The London MS-AHSCT have also stressed that they currently view this as an exceptional therapy for some people with MS, rather than a standard treatment; and that neither NICE nor NHS England have ‘green lighted’ this therapy for routine use in any form of MS.

If you are interested in this treatment it is important that you consult with your Neurology Team in the first instance.
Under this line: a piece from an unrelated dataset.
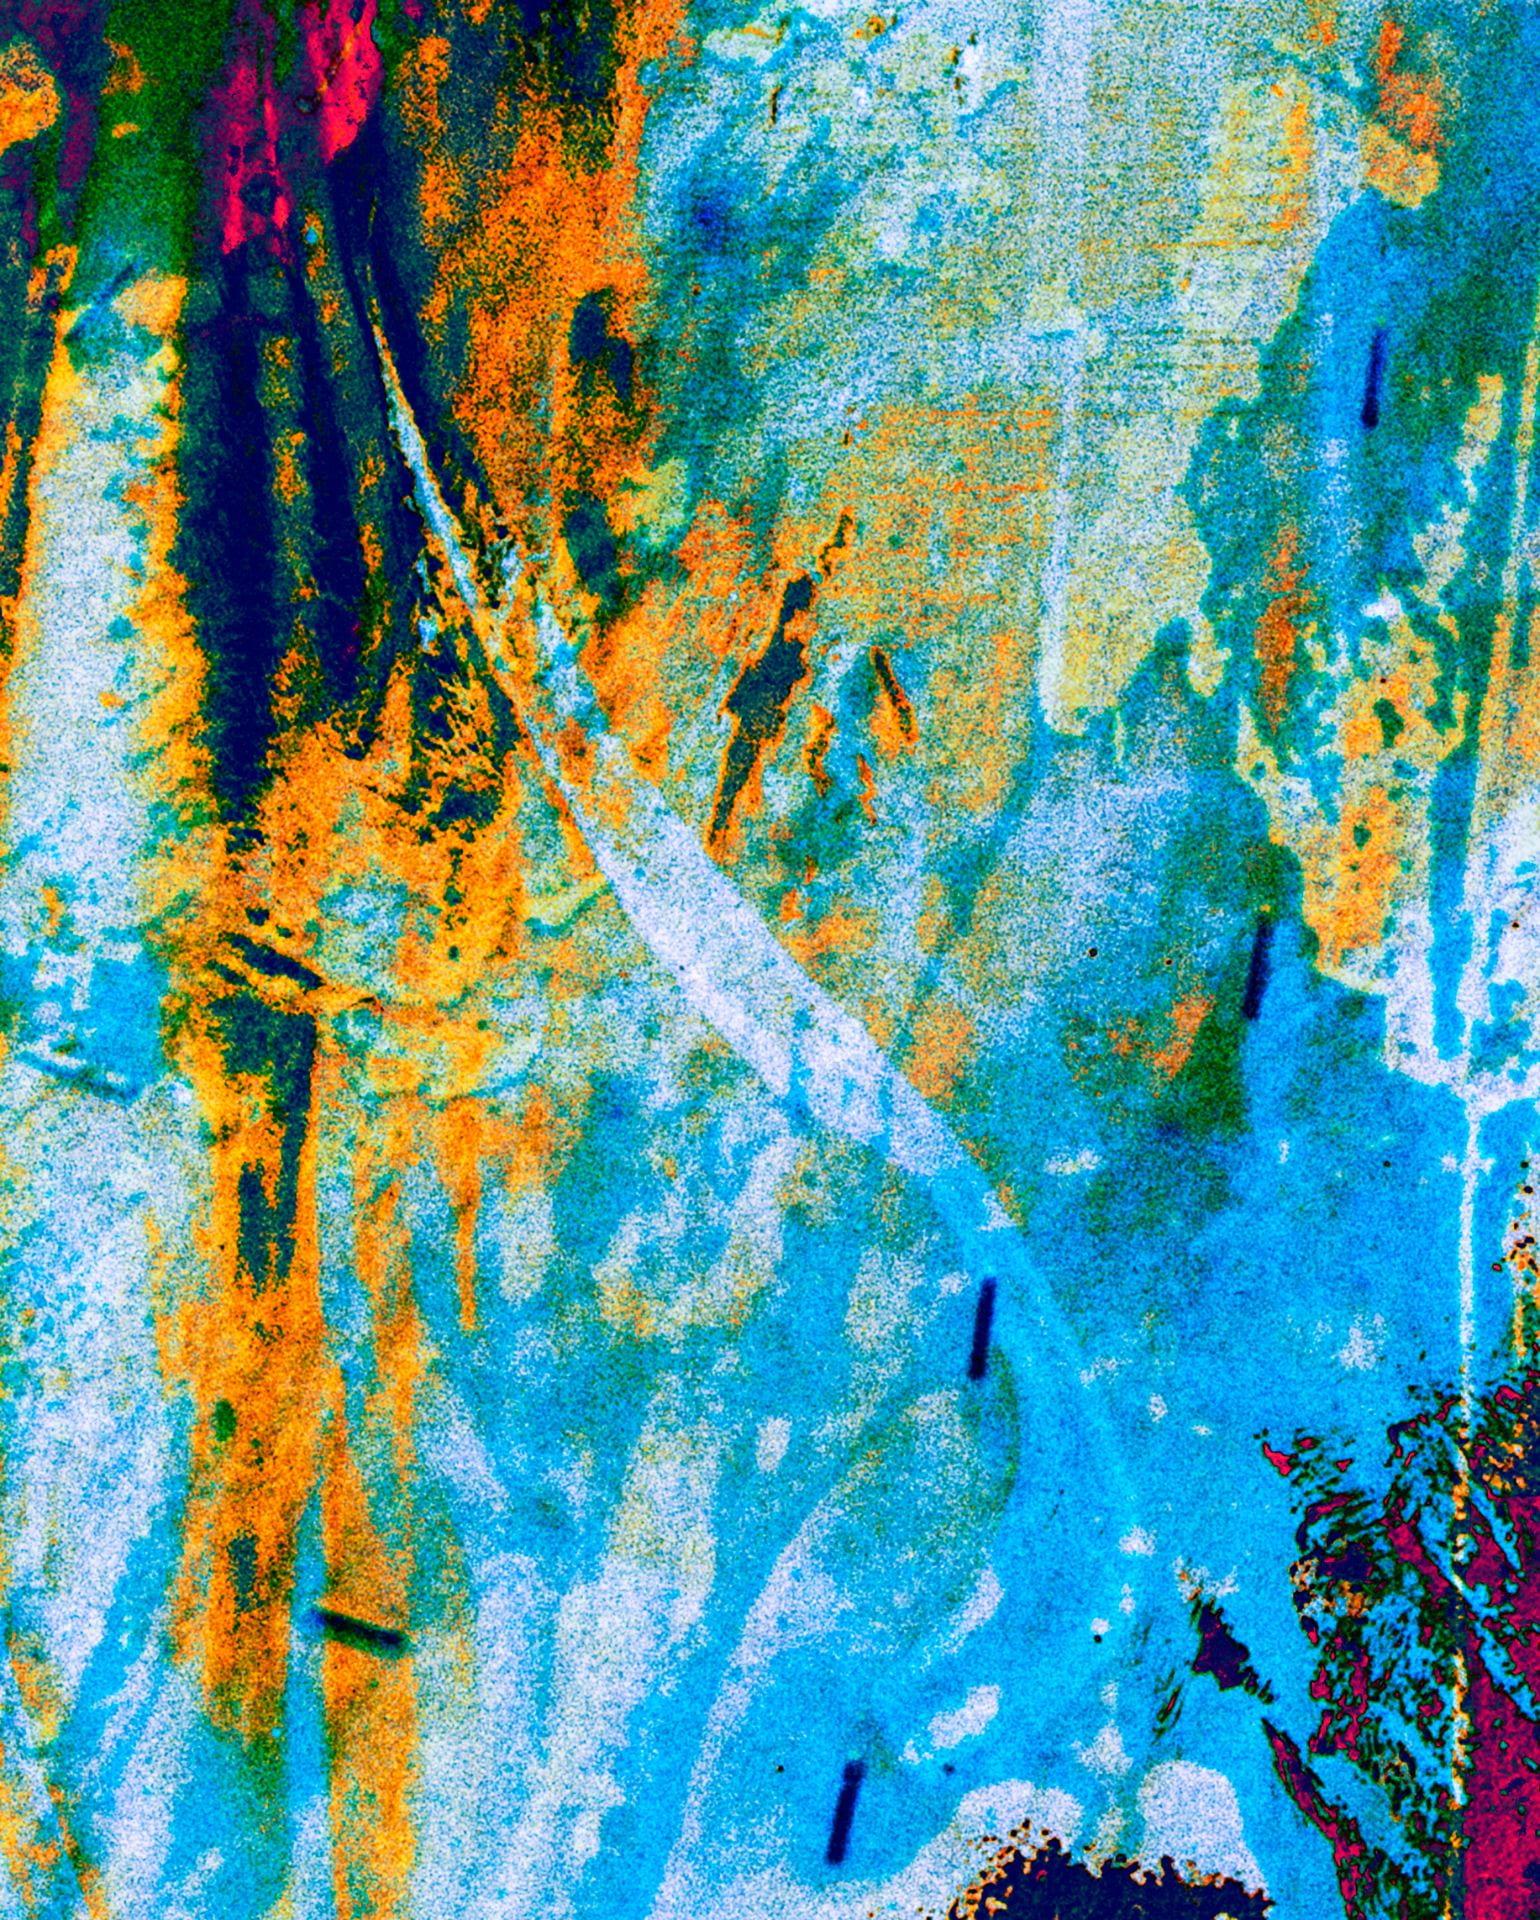 decay destruction painting art collage colour vandalism pixel digital post

Patient Eligibility Criteria Adopted by the London MS-AHSCT Collaborative Group 


The eligibility criteria are overall aimed at selecting patients who have failed approved treatments of high efficacy or have none available to them and have recently presented evidence of inflammatory CNS disease activity; and who could undergo AHSCT with an acceptable estimated level of risk of adverse events. Justification for each of criteria is supported by evidence from AHSCT trials and observational studies. 


Referral criteria: 
I. Diagnosis of MS made by a neurologist 

II. Able to walk, needing at most bilateral assistance to walk 20m without resting 

III. In relapsing MS (RMS), failed one licensed disease modifying drug of high efficacy (currently including alemtuzumab and natalizumab) because of demonstrated lack of efficacy 

IV. New MRI activity within last 12 months 

Inclusion criteria: 

1. Age 18 to 65 years 

2. Disease duration ≤15 years from diagnosis of MS 

3. Diagnosis of MS according to McDonald’s criteria 

4. For PPMS, CSF OCB+ 

5. For RMS, failed at least one licensed disease modifying drug of high efficacy (‘Category 2’ as defined by Scolding N, Barnes D, Cader S, et al. Pract Neurol 2015;15:273–279; currently including alemtuzumab and natalizumab) because of demonstrated lack of efficacy (as evident from relapse, MRI activity as defined below at Point 7, or EDSS increase) after being on DMT for at least 6 months

6. EDSS score 0-6.5 

7. Inflammatory active MS as defined by ≥1 Gd+ (>3mm) lesion (off steroids for one month) or ≥2 new T2 lesions in MRI within last 12 months 

8. Approved by the MDT 

Exclusion criteria

a. Eligible for an ethically approved clinical trial where AHSCT is offered as one of the treatment arms 

b. Unable to adequately understand risk and benefits of AHSCT and give written informed consent 

c. Prior treatment with total lymphoid irradiation and autologous or allogeneic hematopoietic stem cell transplantation London MS-AHSCT Collaborative Group - Patient Eligibility Criteria Final V.3. – 8/12/2015 

d. Contraindication to MRI including but not limited to metal implants or fragments, history of claustrophobia or the inability of the subject to lie still on their back 

e. Poorly controlled depression or recent suicidal attempt 

f. Presence of any active or chronic infection 

g. Unable to walk 20mt with or without support, or wheelchair dependent

h. Any significant organ dysfunction or co-morbidity that the Investigators consider would put the subject at unacceptable risk

20 comments:

  1. It is interesting that they have put in PPMS. But do they expect that it would not work if you are OCB-ve.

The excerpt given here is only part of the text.